* Task to carry out: Give again, word for word, the lines below that run from the line with "Flange immersion heaters - Cetal" through the line with "aesthetic #collage #barbie #pink #love". Drop the pictures.

* Extracted entries:
◇ ◇ ◇ ◇
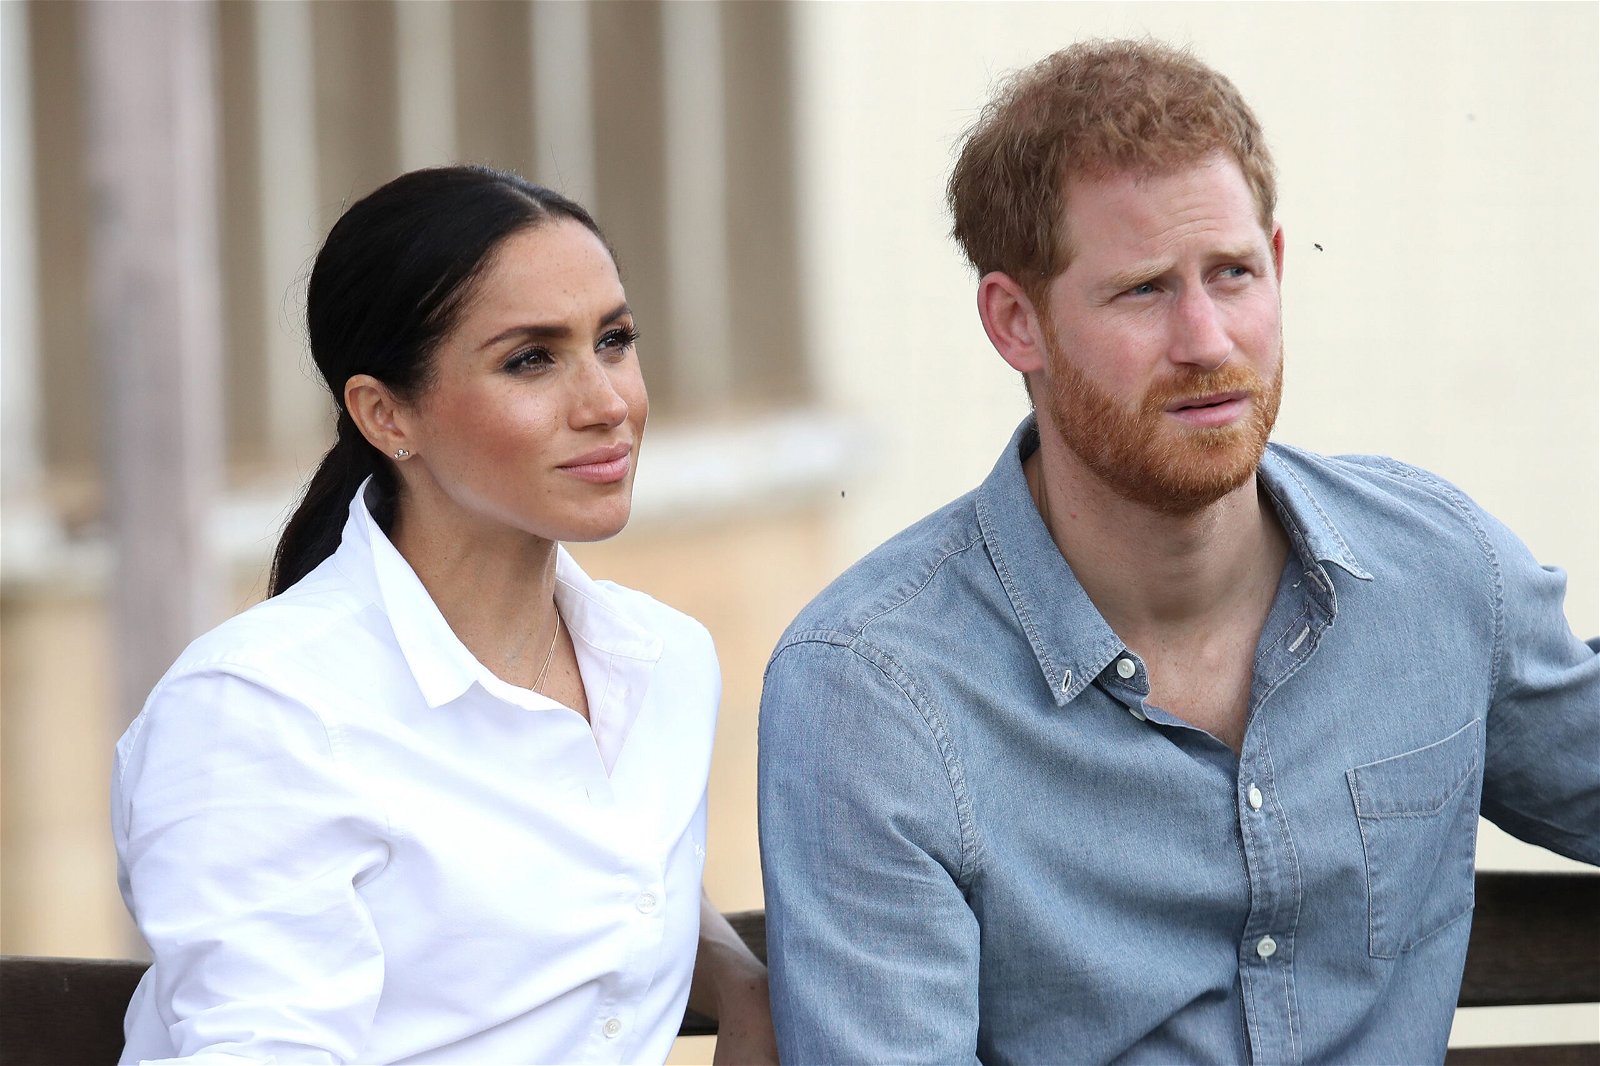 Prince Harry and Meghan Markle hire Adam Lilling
◇ ◇ ◇ ◇
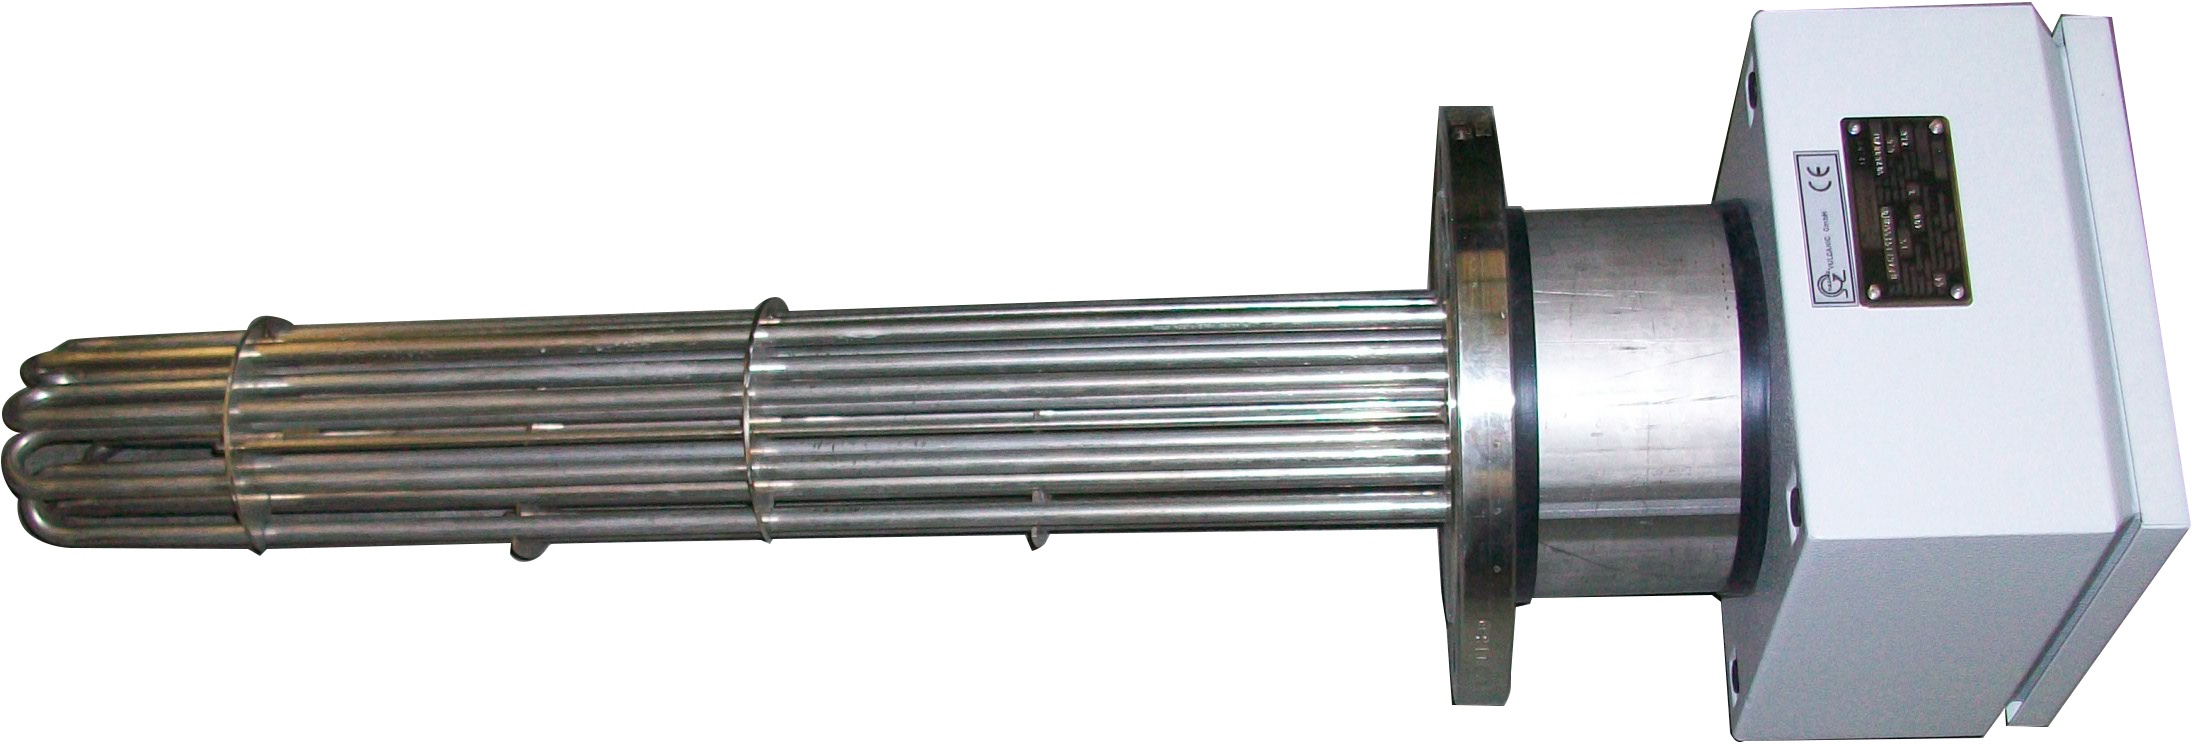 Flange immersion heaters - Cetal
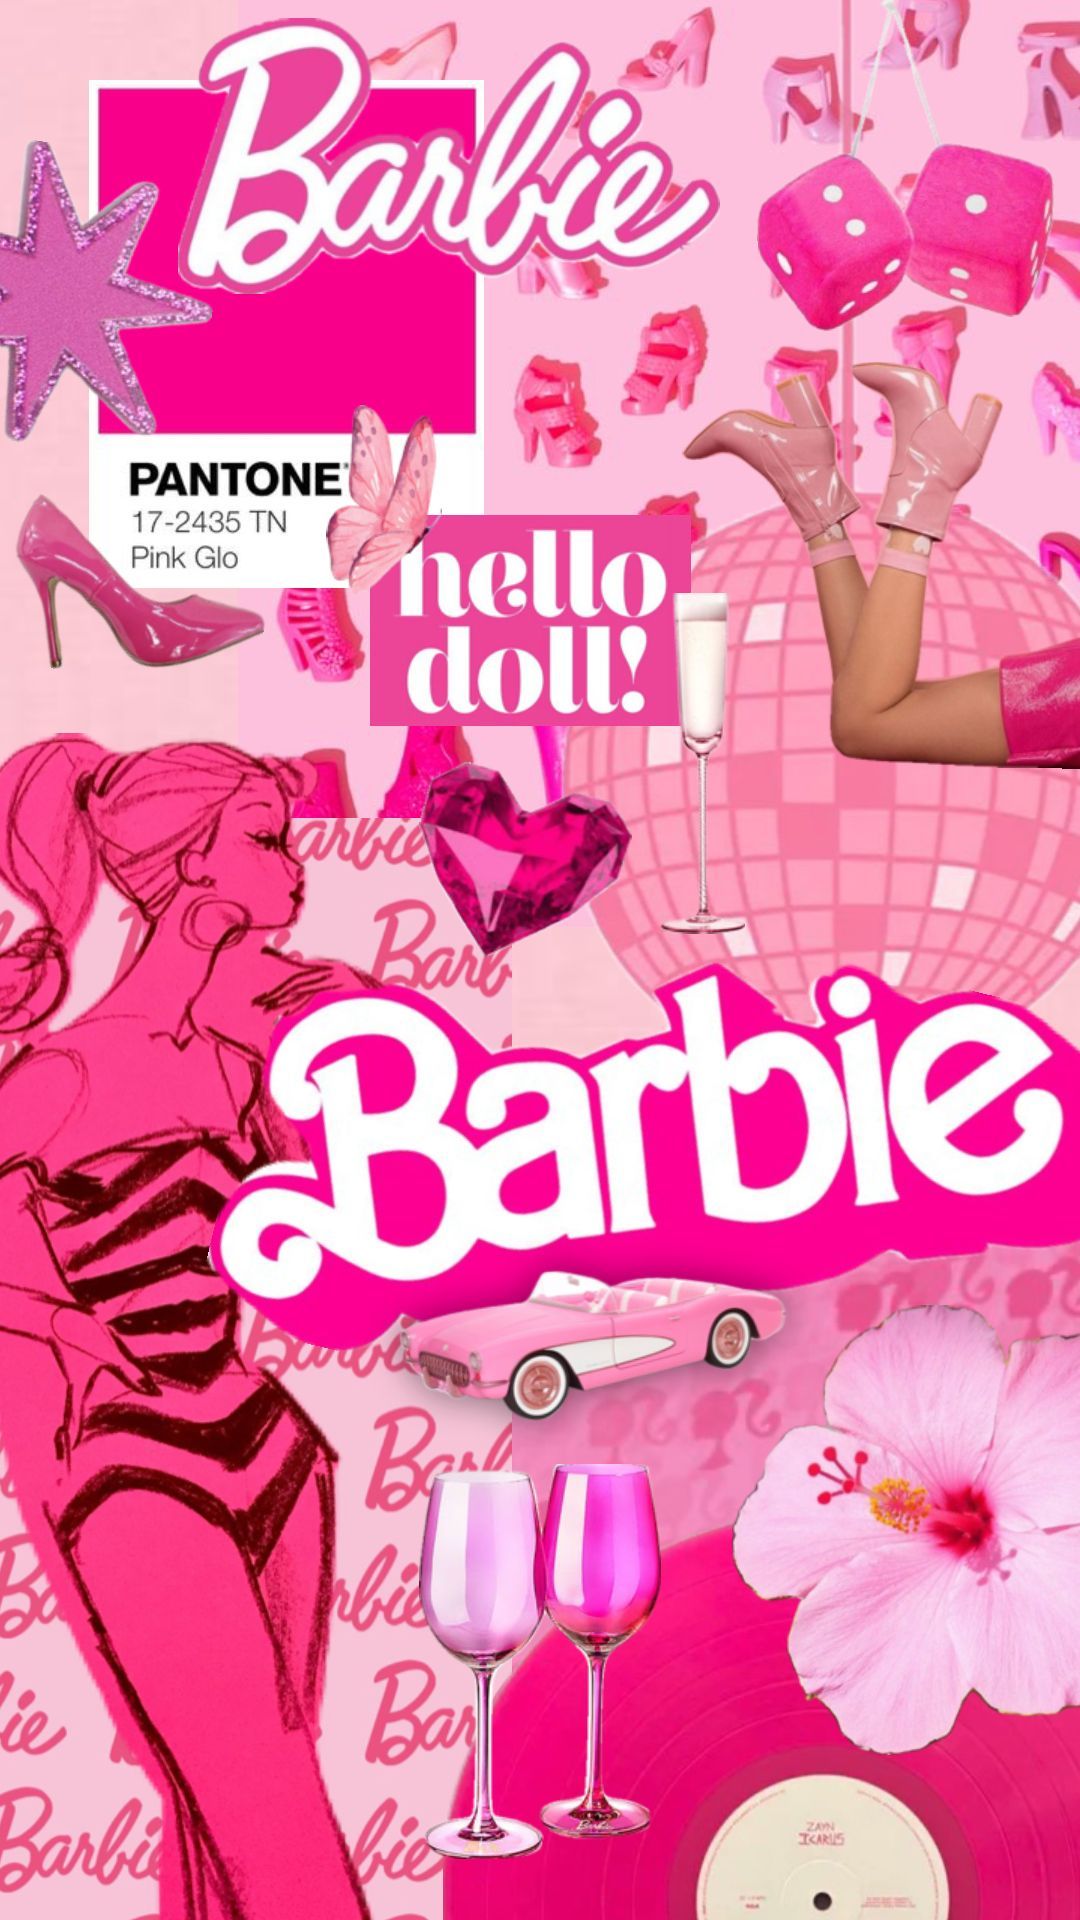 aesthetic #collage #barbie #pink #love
◇ ◇ ◇ ◇
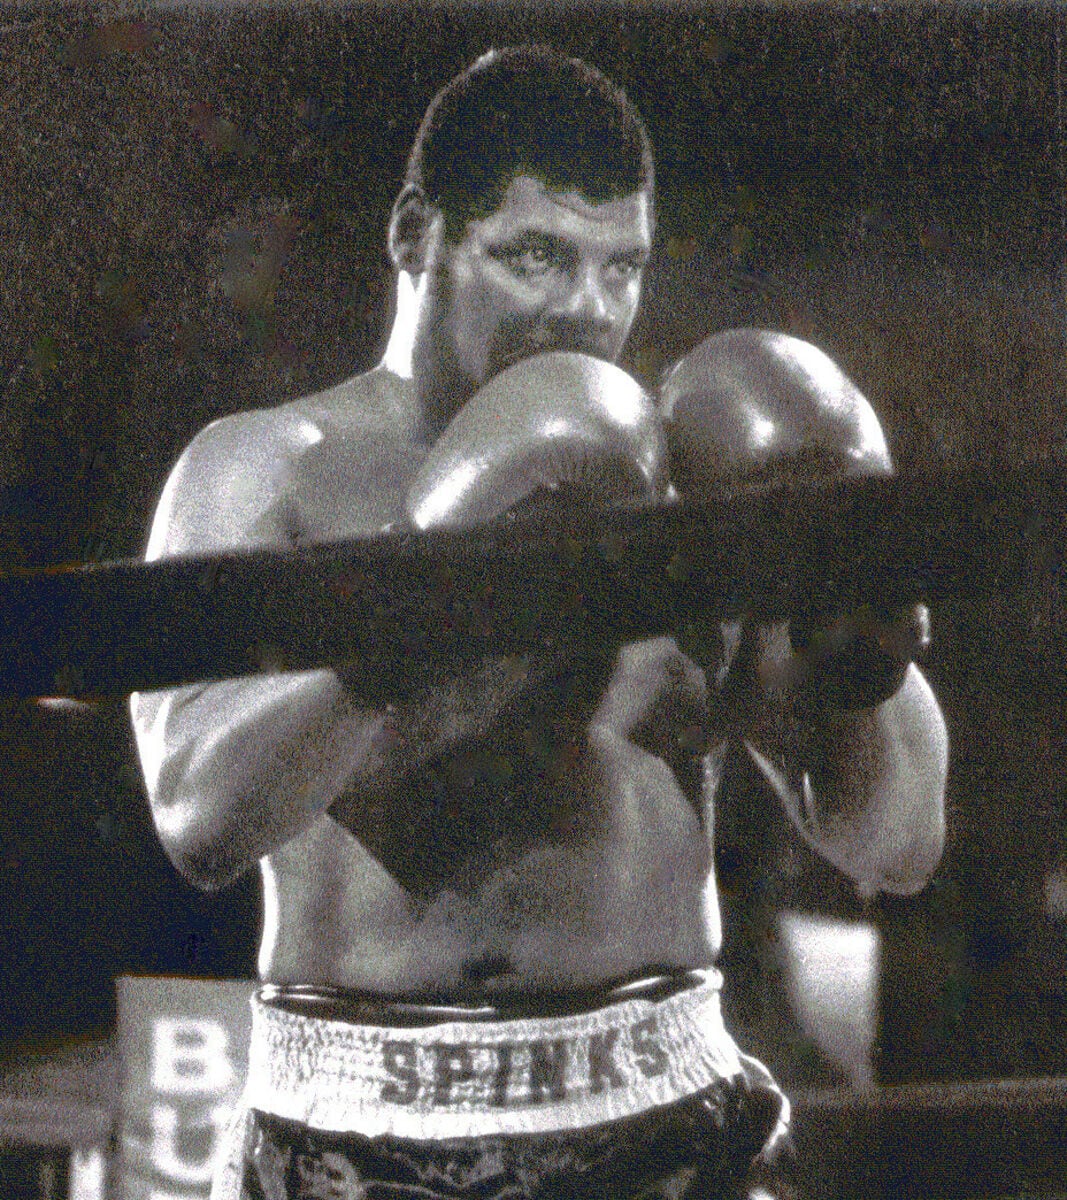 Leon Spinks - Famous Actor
◇ ◇ ◇ ◇
* Result of this task:
 Flange immersion heaters - Cetal
 aesthetic #collage #barbie #pink #love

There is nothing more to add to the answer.